The task: Only the lines from the one holding "Smeg CT3029X Integrated Warming Drawer" through the end of the material are to be repeated, exactly and without pictures.

*** Given material Section Begins ***

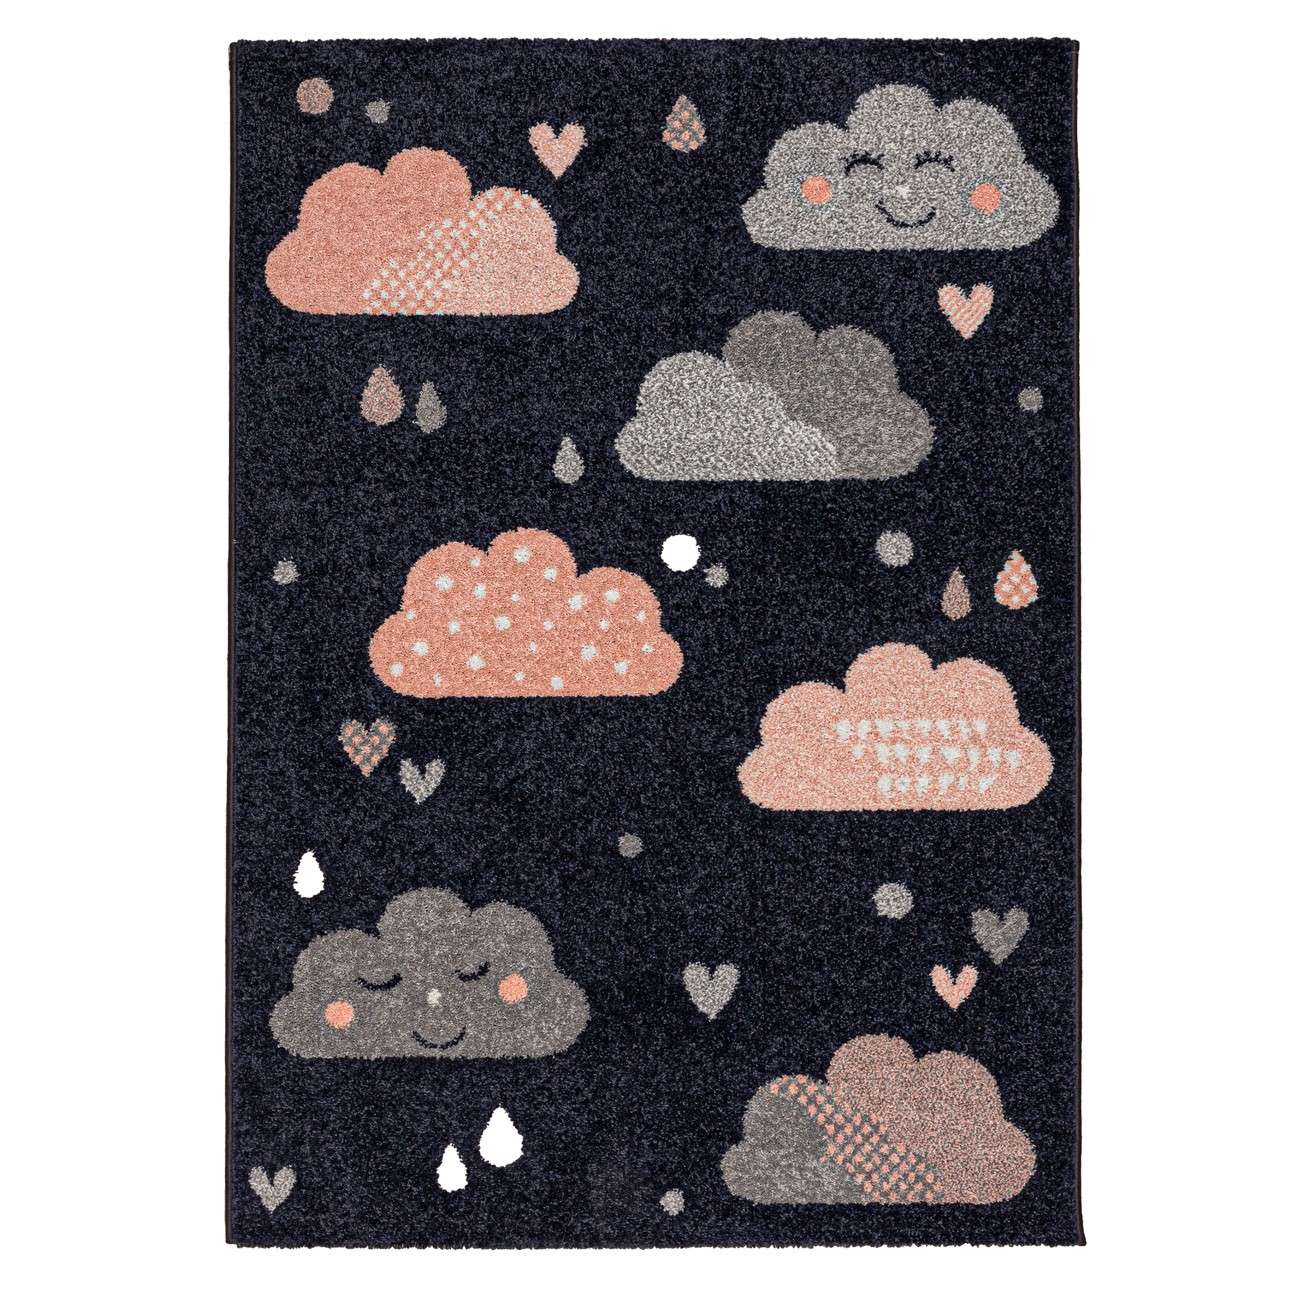 Koberec Summer Rain 160x230 cm
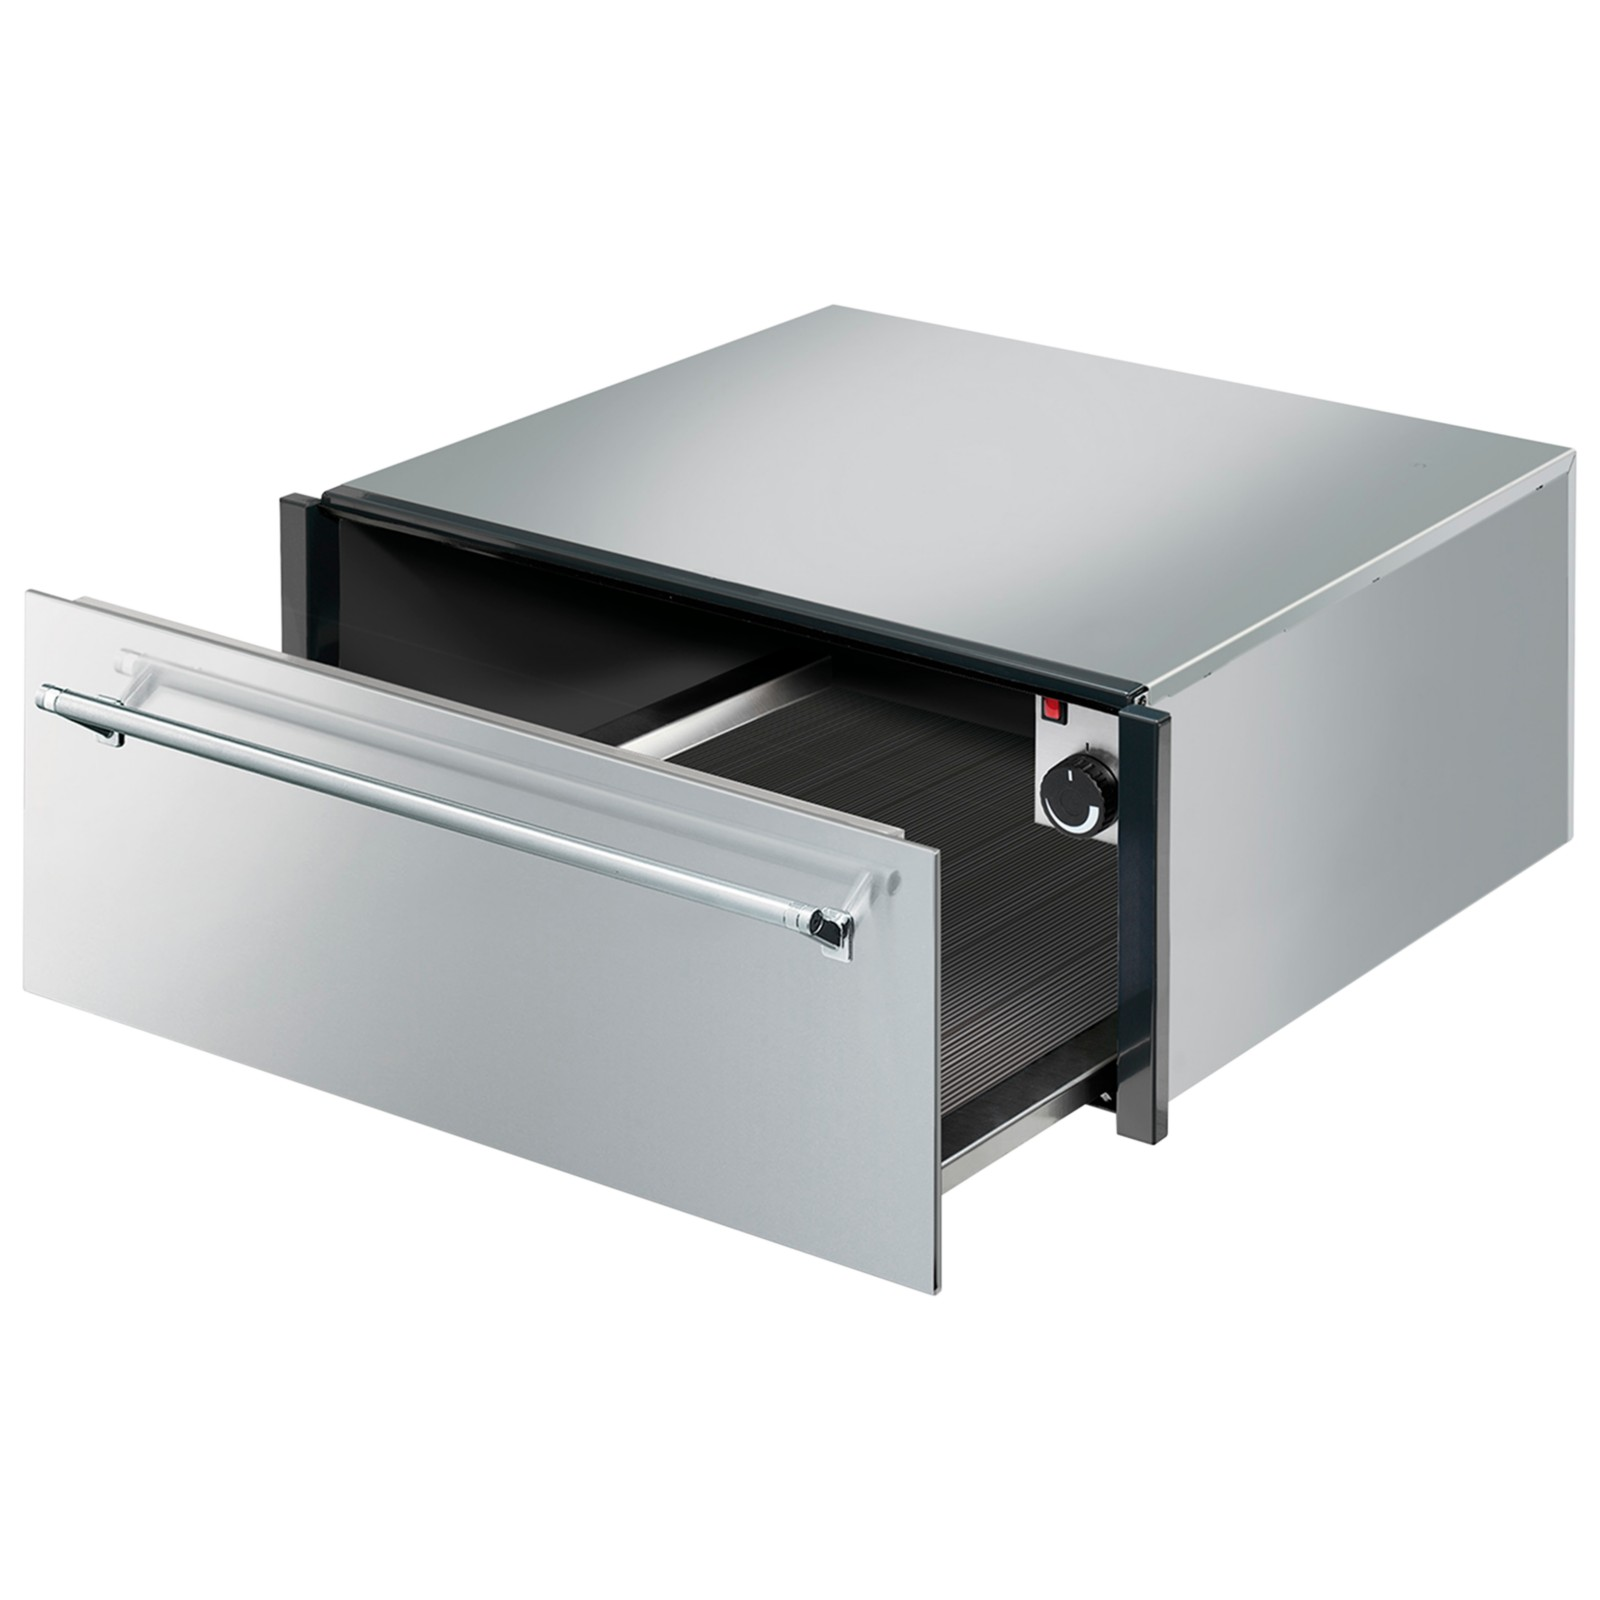 Smeg CT3029X Integrated Warming Drawer
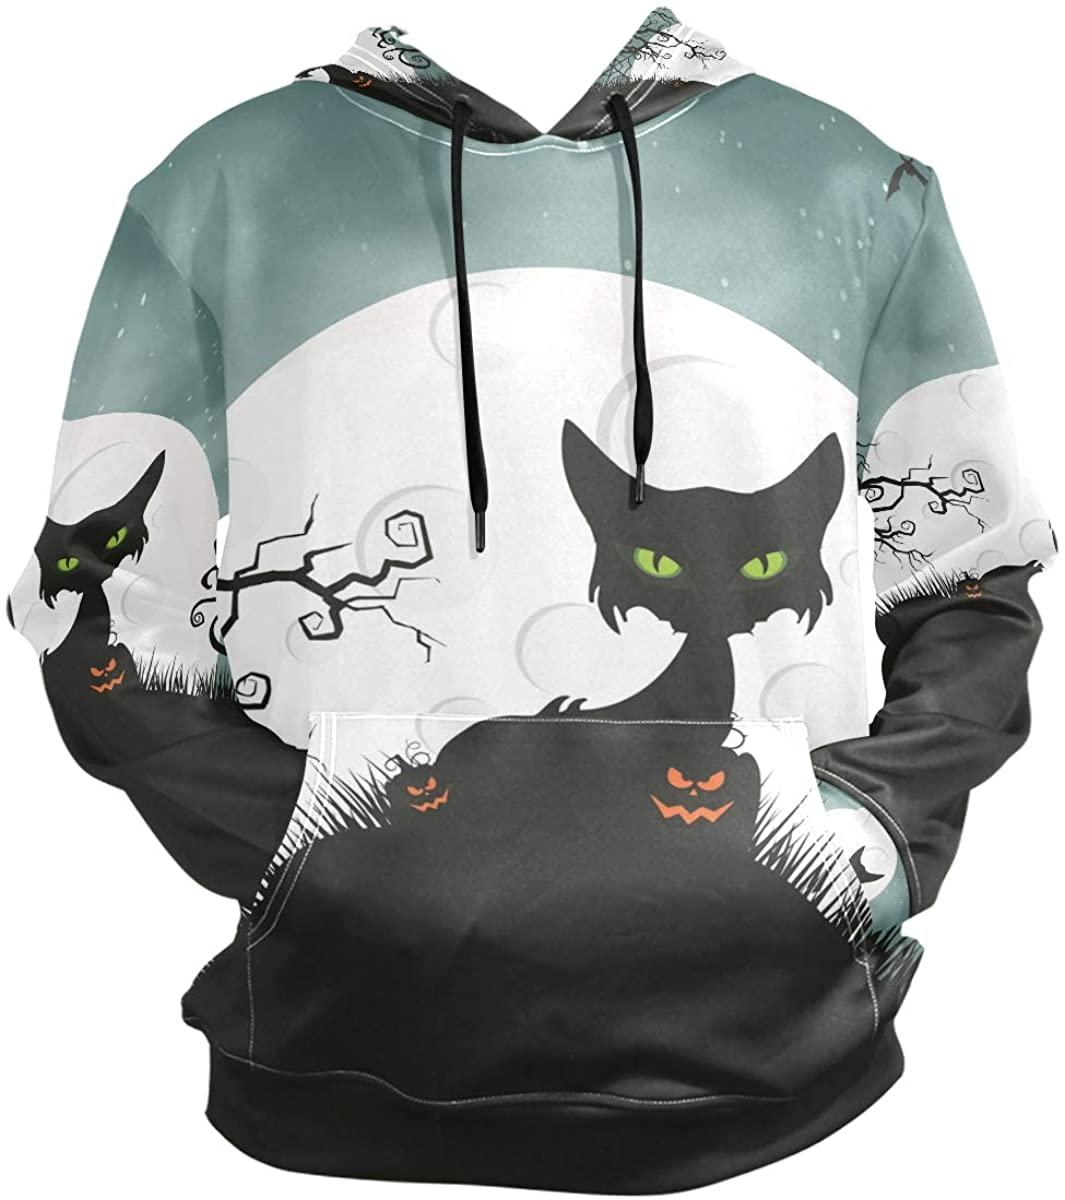 Halloween Cat Hoodies 3D Print Athletic Hooded Sweatshirts for Men Girls Boys(Health Fabric)

*** Given material Section Ends ***

Finished exercise:
 Smeg CT3029X Integrated Warming Drawer
 Halloween Cat Hoodies 3D Print Athletic Hooded Sweatshirts for Men Girls Boys(Health Fabric)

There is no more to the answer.